CTRL — Close The Running Loop

Close The Running Loop

A practical guide to Peter Steinberger's "Close the Loop" methodology for autonomous AI agent coding — with a real experiment proving it works.

What is "Close the Loop"?

The idea is simple: give your coding agent the ability to verify its own work.

Peter Steinberger (creator of OpenClaw/Clawdbot, founder of PSPDFKit) ships code he doesn't read. He runs 3-8 AI coding agents in parallel and merged 600 commits in a single day. The secret? Every agent writes tests, runs them, fixes failures, and only reports back when everything passes. No human in the loop for verification.

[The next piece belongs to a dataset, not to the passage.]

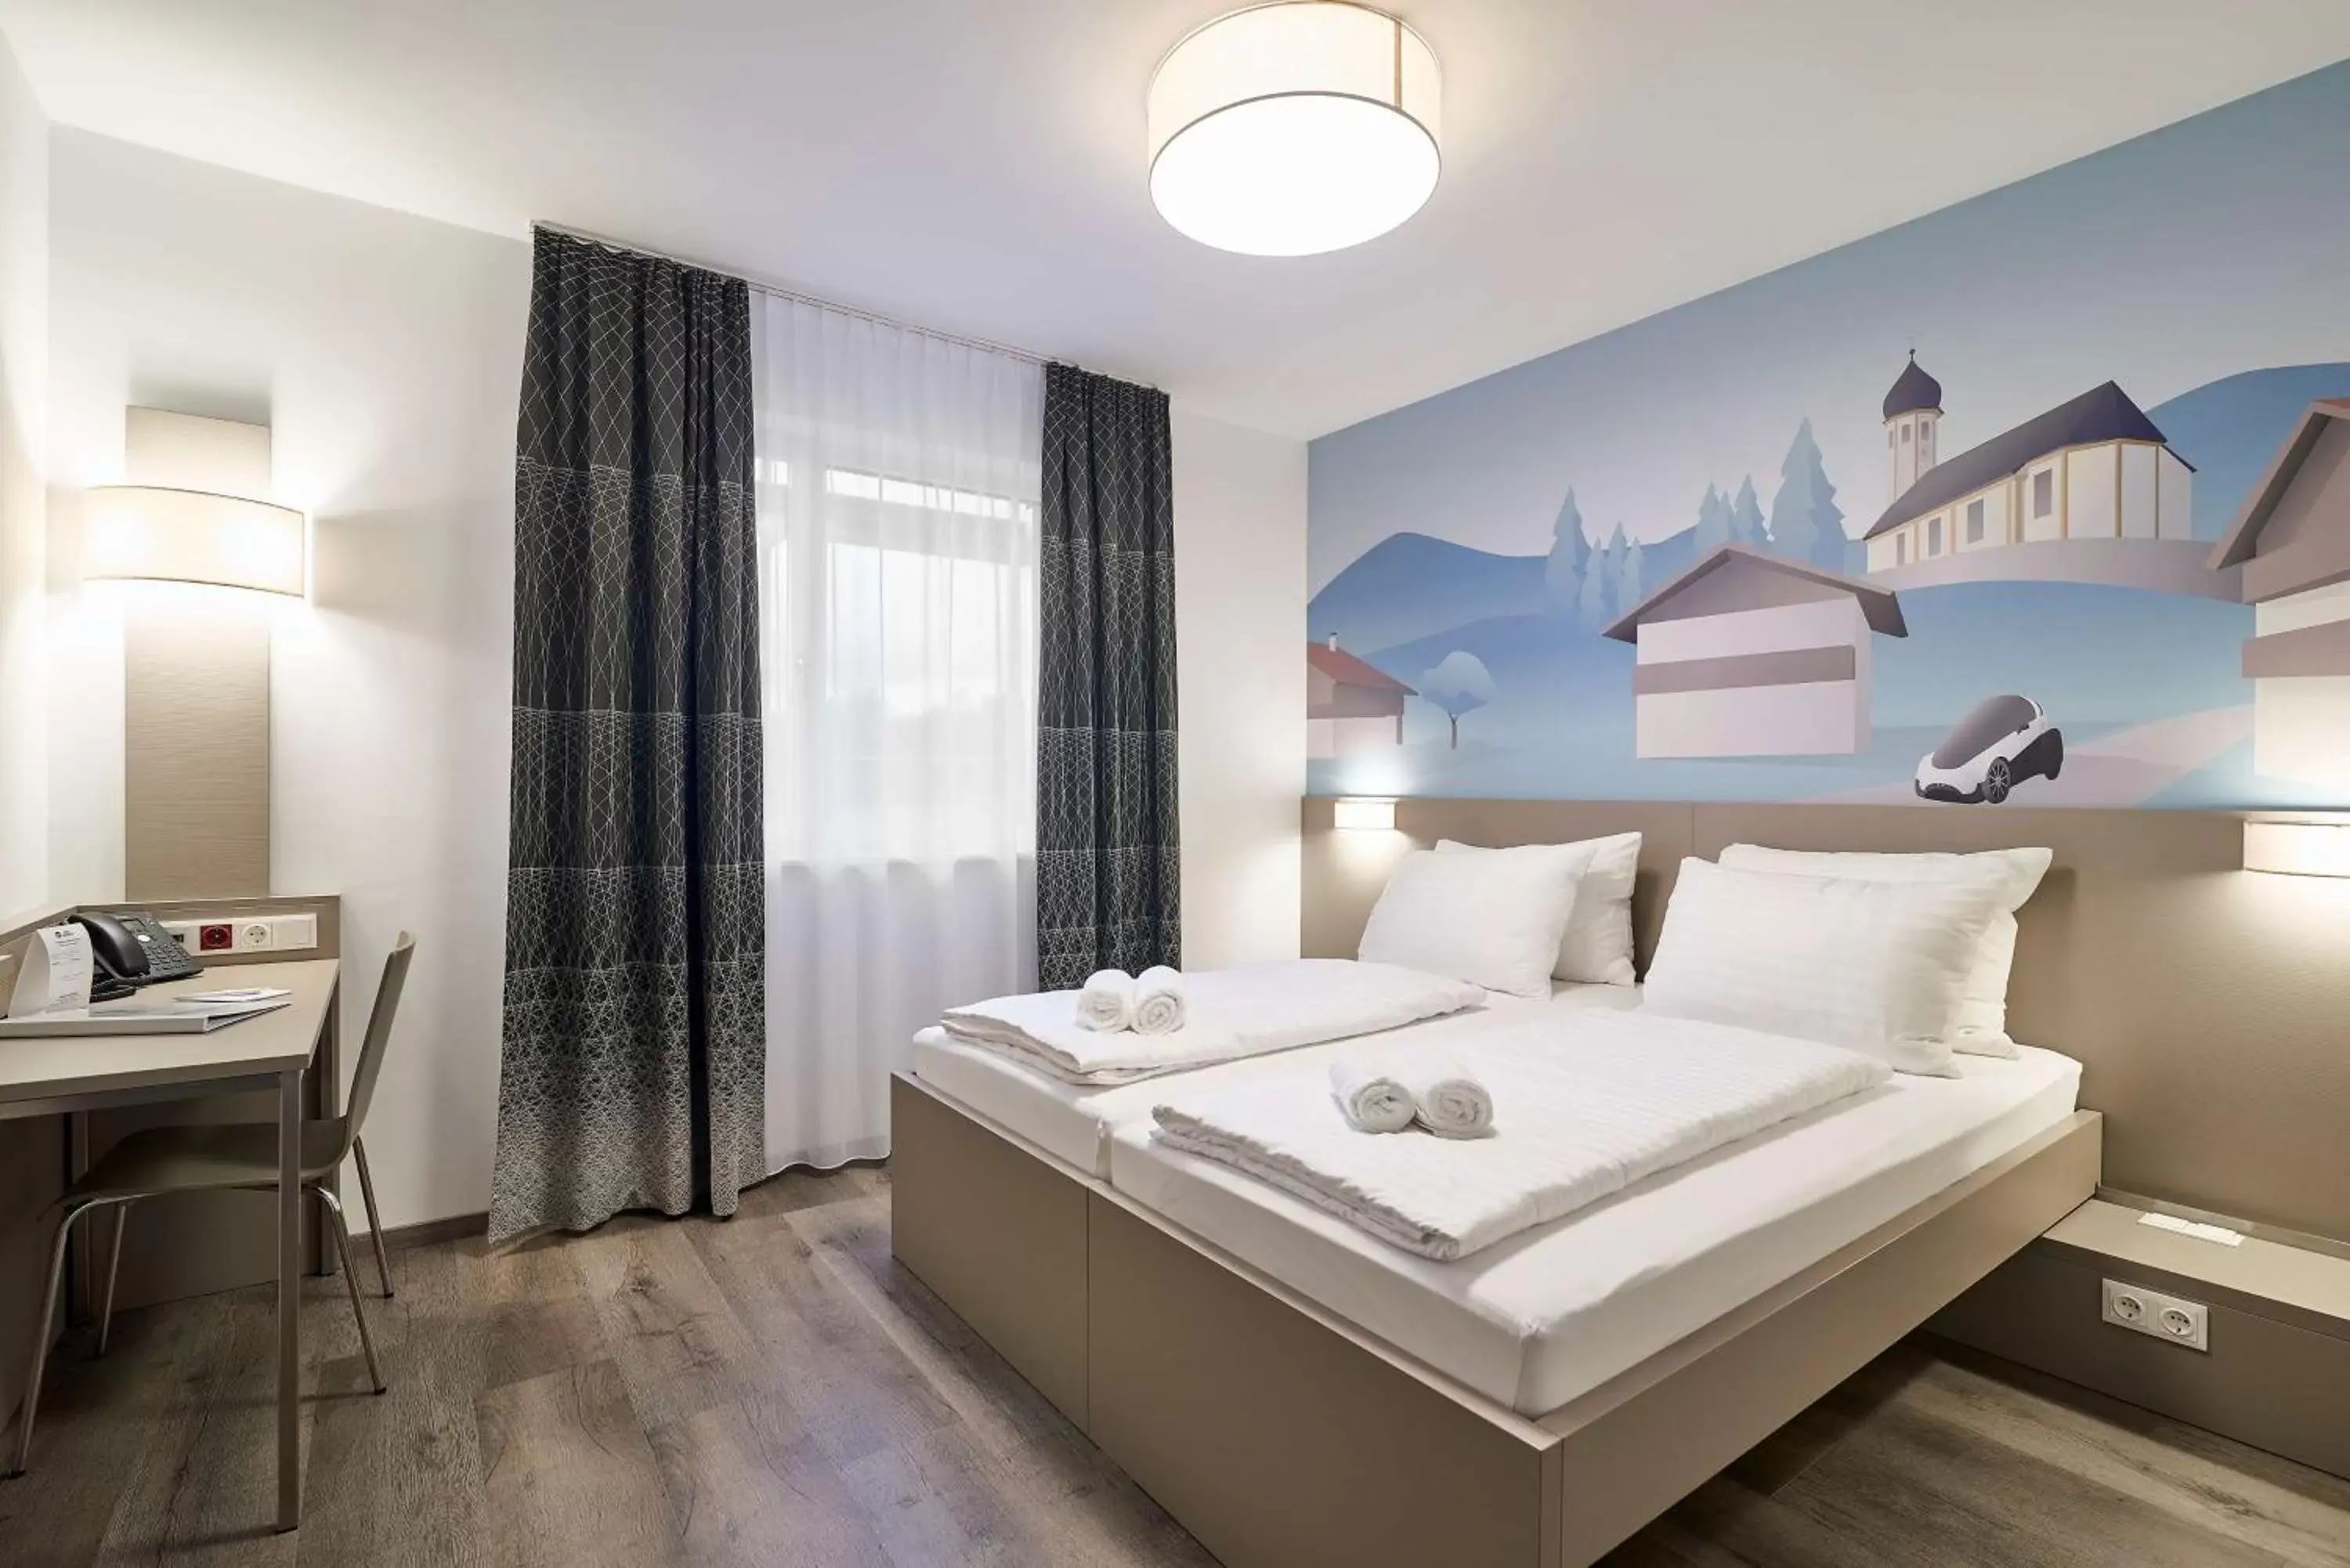 Photo of the whole room, Bed in Best Western Hotel Kiefersfelden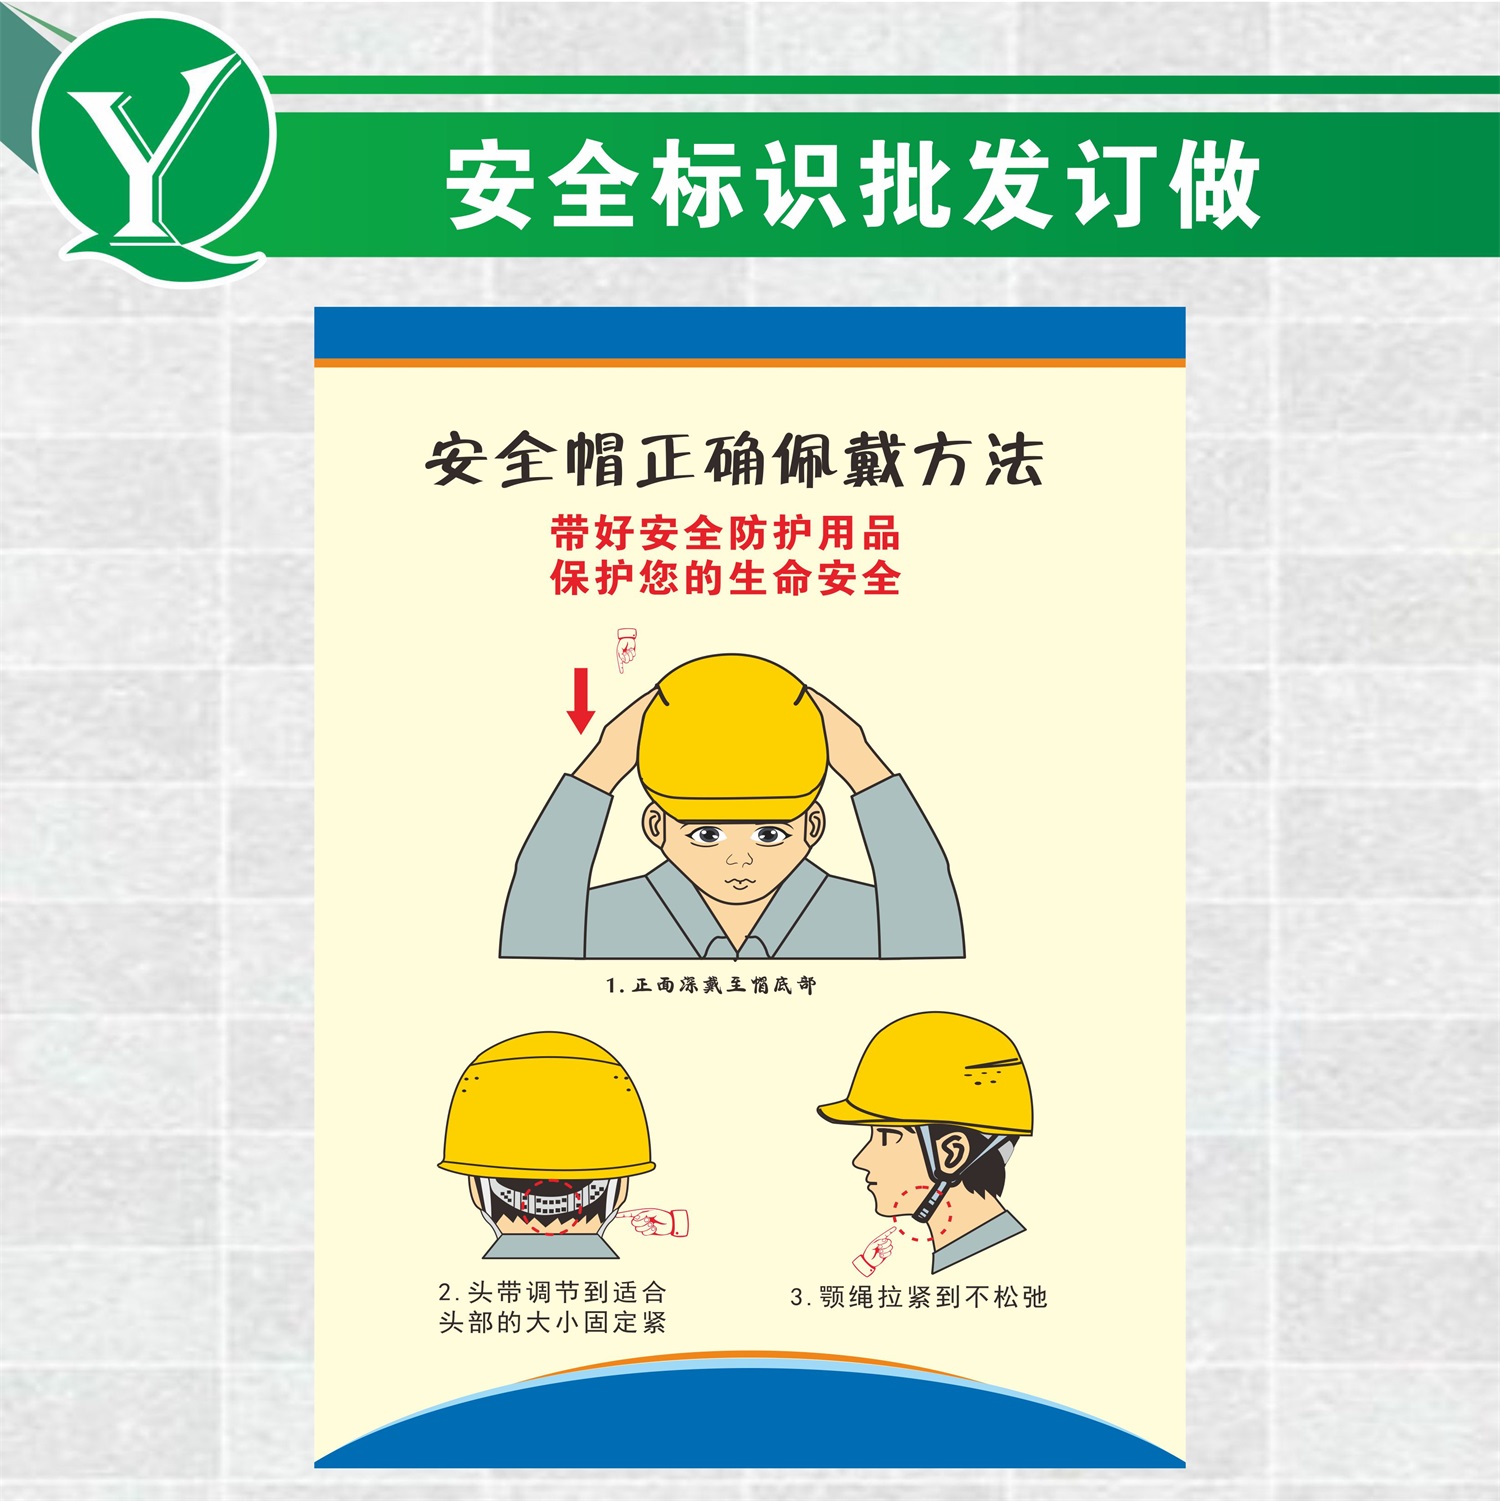 安全安全帽必须示意图pvc提示规范穿着防护用品头盔标志牌

"Code works well with AI because it's verifiable. You can compile it, run it, test it. That's the loop. You have to close the loop." — Peter Steinberger

The Method

4 Files That Make It Work

File	Purpose	Size in OpenClaw
AGENTS.md	Build, test, and dev commands	21KB
TESTING.md	What to test, what NOT to test, how to test	19KB
copilot-instructions.md	Anti-redundancy rules, colocated test pattern	2KB
package.json	Scripts: `test`, `test:coverage`, `test:e2e`	-

4-Layer Testing Pyramid

Start at the bottom. Each layer adds realism — and cost.

         ┌──────────┐
         │  Docker   │  Full app in container, cold-start
         │  Tests    │  Slowest, most realistic
         ├──────────┤
         │   Live    │  Real API calls (Stripe, Anthropic, etc.)
         │  Tests    │  Costs money, flaky (network/rate limits)
         ├──────────┤
         │   E2E     │  API routes, webhooks, request/response
         │  Tests    │  Minutes, catches integration bugs
         ├──────────┤
         │   Unit    │  Pure logic, validation, security
         │  Tests    │  Seconds, catches 80% of bugs
         └──────────┘

Layer	What it tests	Speed	Cost	When to use
Unit	Pure functions, logic, validation, security	<1s	Free	Every commit
E2E	API routes, webhooks, auth flows, DB queries	1-5 min	Free	Before push
Live	Real third-party APIs (Stripe, OpenAI, etc.)	5-30 min	$ (API calls)	Before release
Docker	Full app cold-start in clean container	5-10 min	Free	CI/CD pipeline

Where to start: Unit tests. They give you 80% of the value at <1% of the cost. Peter's OpenClaw has 1,376 test files and unit tests are the foundation.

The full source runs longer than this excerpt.